Where is the RpcEnv
instance in, and how every components get the corresponding rpcEnv
instance? How do the components make connection to each other?
RpcEnv
is an RPC Environment that is created separately for every component in Spark and is used to exchange messages between each other for remote communication.
Spark creates the RPC environments for the driver and executors (by executing SparkEnv. createDriverEnv and SparkEnv.createExecutorEnv methods, respectively).
SparkEnv.createDriverEnv
is used exclusively when SparkContext
is created for the driver:
_env = createSparkEnv(_conf, isLocal, listenerBus)
You can create a RPC Environment using RpcEnv.create
factory methods yourself (as do ExecutorBackends, e.g. CoarseGrainedExecutorBackend):
val env = SparkEnv.createExecutorEnv(
driverConf, executorId, hostname, cores, cfg.ioEncryptionKey, isLocal = false)
Separate RpcEnv
s are also created for standalone Master and workers.
How do the components make connection to each other?
No much magic here :) The driver for a Spark application and the standalone Master for a Spark Standalone cluster are created first and they have no dependency on other components.

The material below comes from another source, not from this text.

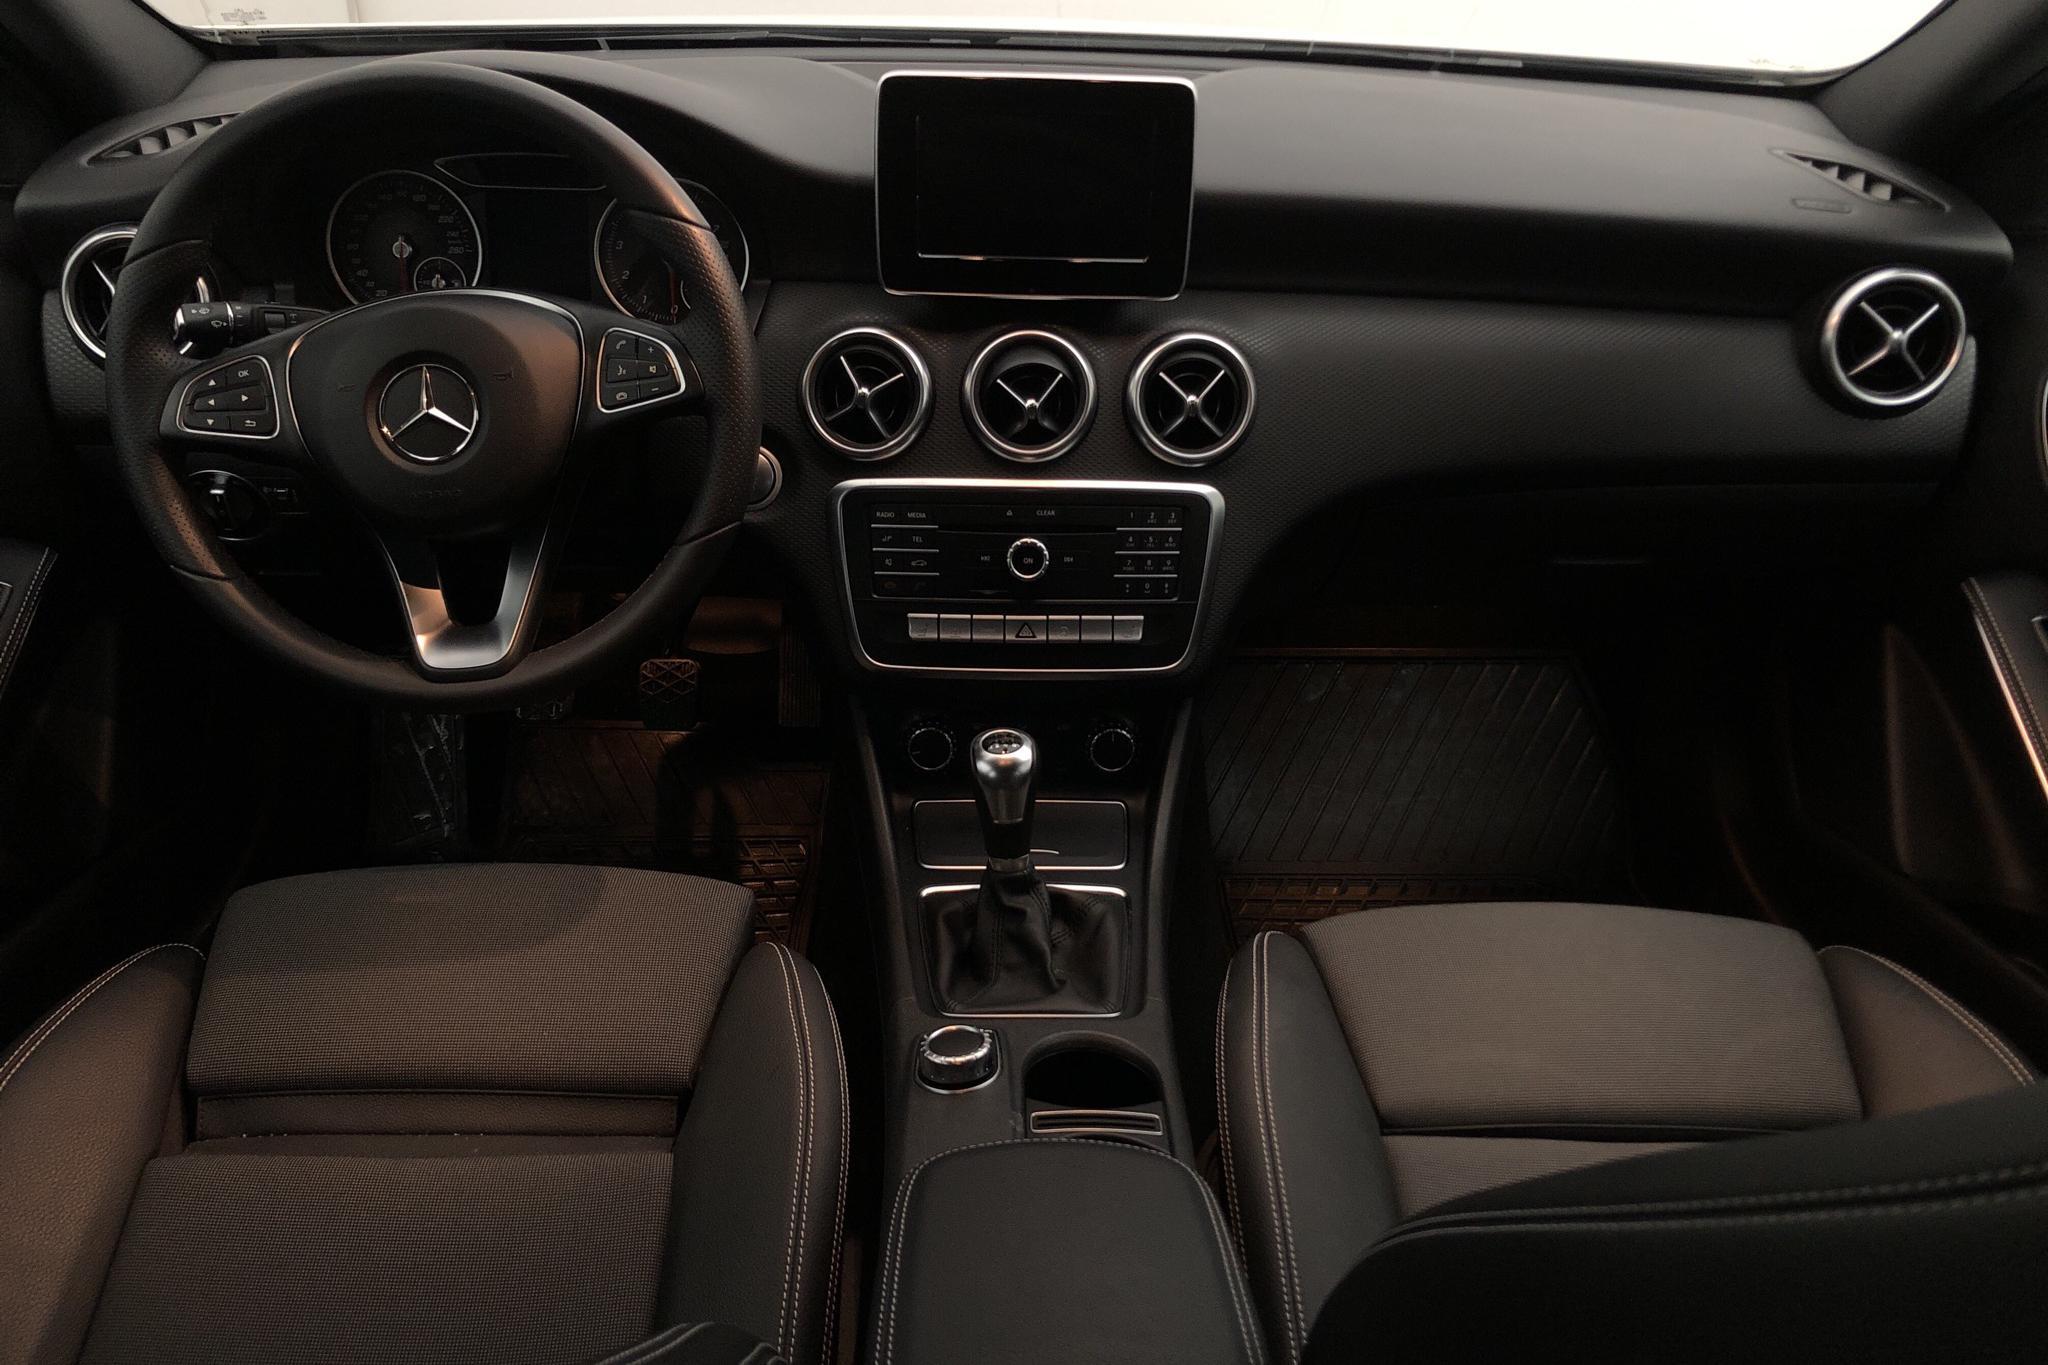 Mercedes A 180 5dr W176 (122hk) - 2 700 mil - Manuell - vit - 2018
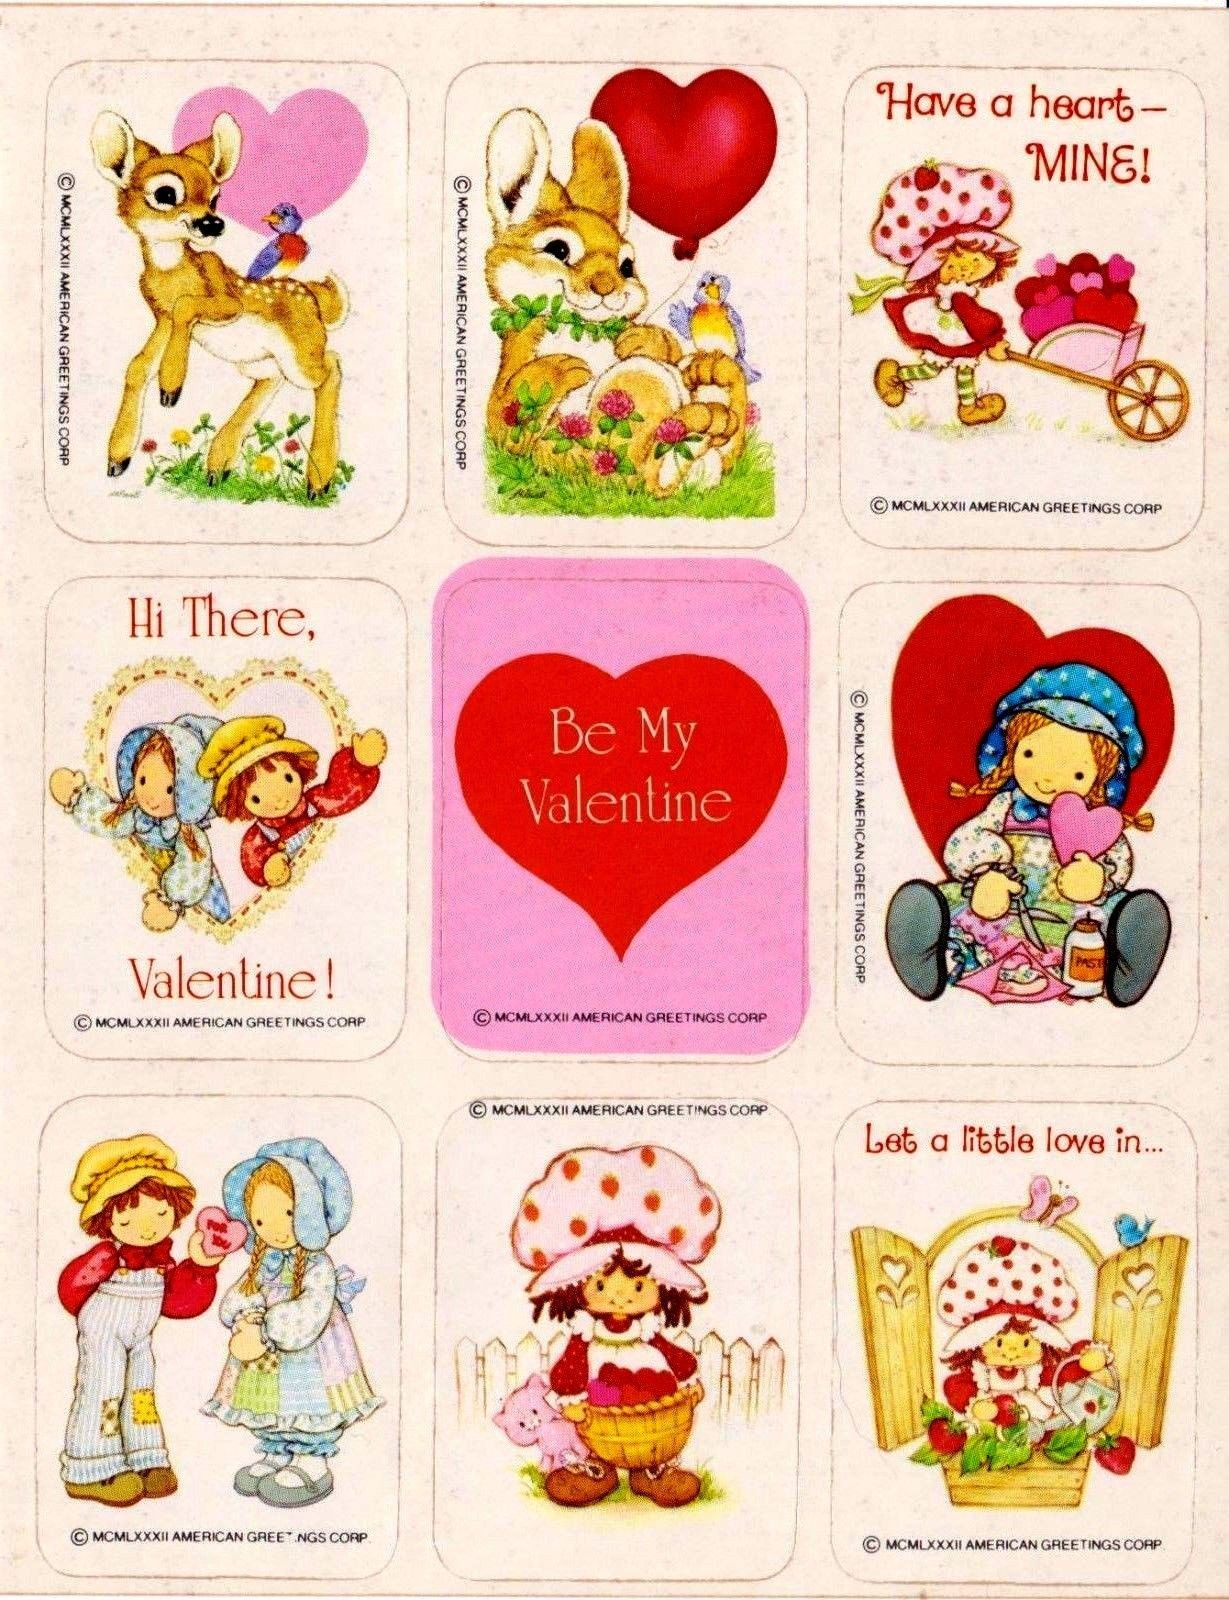 70s 80s Holly Hobbie Srawberry Shortcake Valentines Cards Holly Hobbie Valentine Stickers Strawberry Shortcake Doll

When the driver of a Spark application starts, it requests resources (in the form of resource containers from a cluster manager) with the command to launch executors (that differs per cluster manager). In the launch command, there are connection details (i.e. host and port) of the driver's RpcEndpoint.
See how it works with Hadoop YARN in Client.
It is a similar process with standalone Workers with the difference that the administrator has to specify the master's URL at command line.
$ ./sbin/start-slave.sh
Usage: ./sbin/start-slave.sh [options] <master>
Master must be a URL of the form spark://hostname:port
Options:
-c CORES, --cores CORES Number of cores to use
-m MEM, --memory MEM Amount of memory to use (e.g. 1000M, 2G)
-d DIR, --work-dir DIR Directory to run apps in (default: SPARK_HOME/work)
-i HOST, --ip IP Hostname to listen on (deprecated, please use --host or -h)
-h HOST, --host HOST Hostname to listen on
-p PORT, --port PORT Port to listen on (default: random)
--webui-port PORT Port for web UI (default: 8081)
--properties-file FILE Path to a custom Spark properties file.
Default is conf/spark-defaults.conf.